« Colloque de Cerisy : “Régis Jauffret : les pouvoirs de la fiction” » Colloque international

Organisateurs : Christelle Reggiani, Christophe Reig

CENTRE CULTUREL INTERNATIONAL DE CERISY Association des Amis de Pontigny-Cerisy
Le Château - CERISY-LA-SALLE

En présence de Régis JAUFFRET

ARGUMENT :

Écrivain du malaise et de la cruauté, mais aussi de l’humour noir et de la lucidité sur l’âme humaine, Régis Jauffret construit depuis une quarantaine d’années une œuvre aussi abondante qu’éclectique — à ce jour une trentaine de récits et de recueils de nouvelles, qui ont reçu de nombreux prix littéraires.

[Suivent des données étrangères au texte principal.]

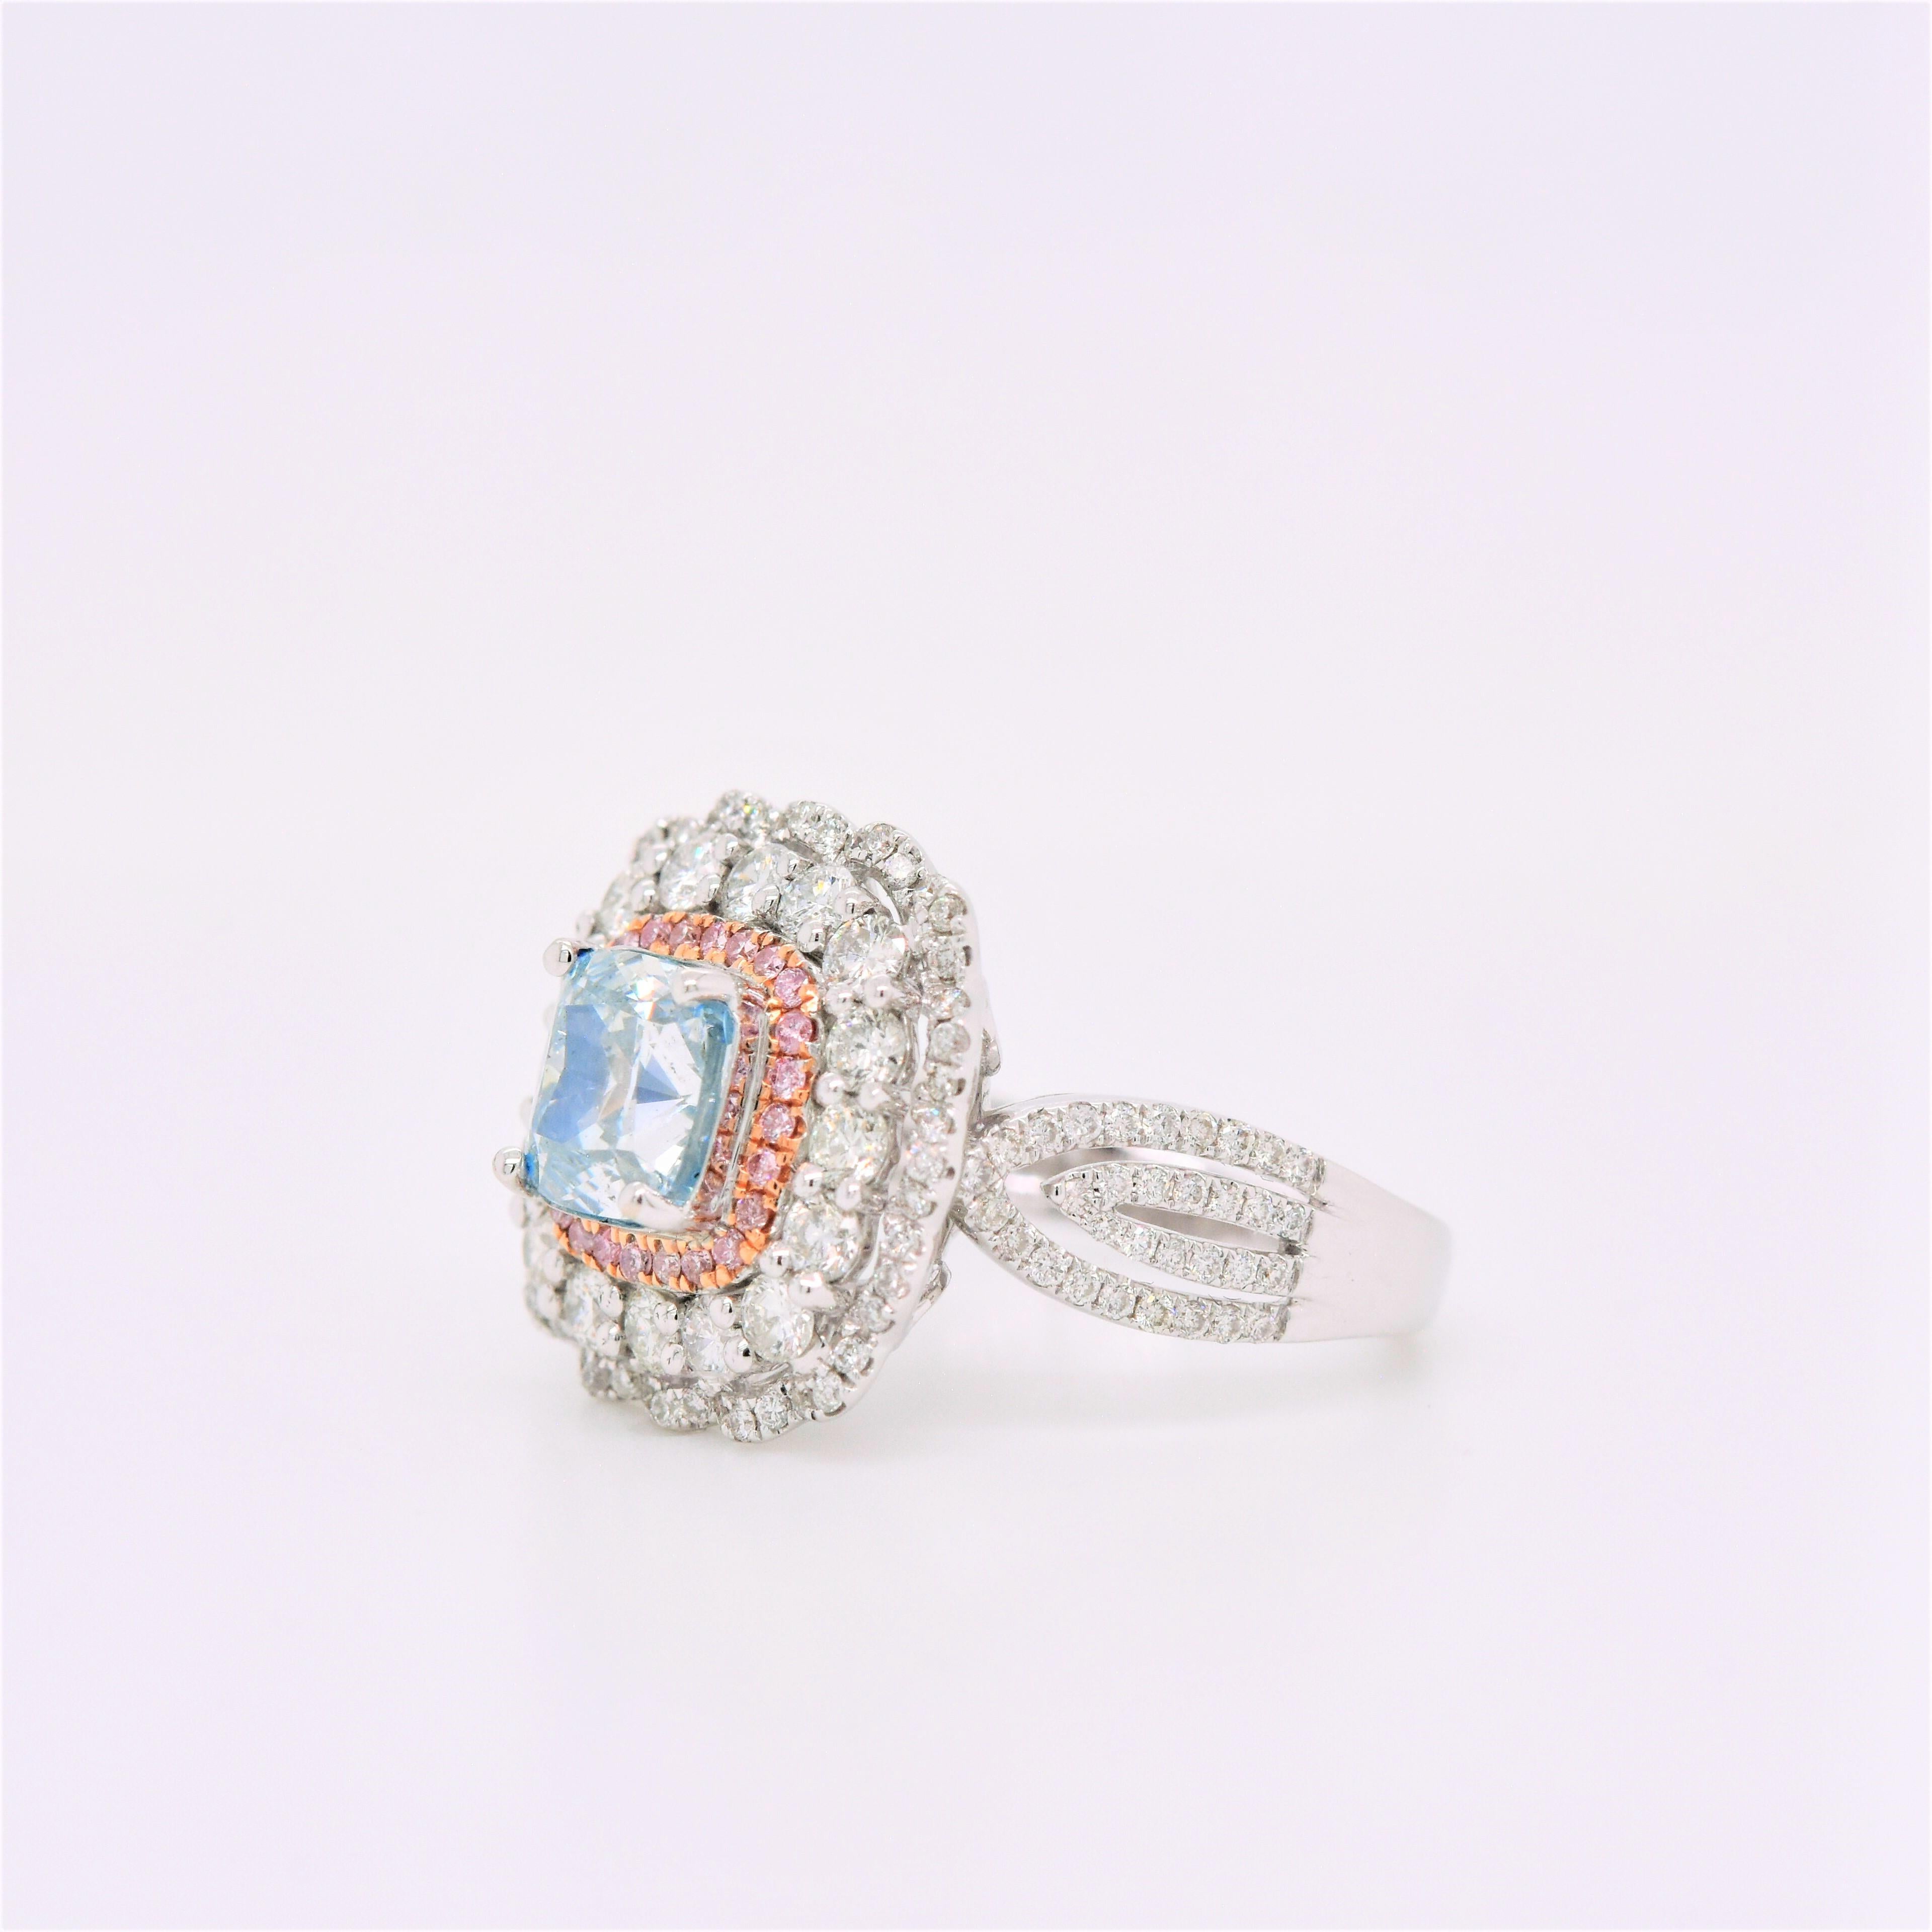 This engagement ring setting features a triple pave diamond white and rose gold halo surrounding the center Natural Fancy Blue Diamond, accented by a pave of Natural Fancy Pink Diamond stones around the center stone with open details. This setting

Cet ensemble qui télescope les genres, désormais reconnu et apprécié par un public élargi tant en France qu’à l’étranger, a été salué par la critique. Les récits de cet observateur féroce, à l’affût d’une humanité broyée par les "machines sociales", rencontrent parfois un rai de lumière poétique quand ils ne font pas feu de tout bois, s’appuyant sur des faits divers contemporains. Dans tous les cas, ils manifestent une remarquable et inlassable inventivité formelle et stylistique, encore très peu explorée. Cette prolixité, la foi en les pouvoirs de l’imagination, la maîtrise de l’écriture et des jeux possibles sur les conventions romanesques font indéniablement de Jauffret un maître de la fiction.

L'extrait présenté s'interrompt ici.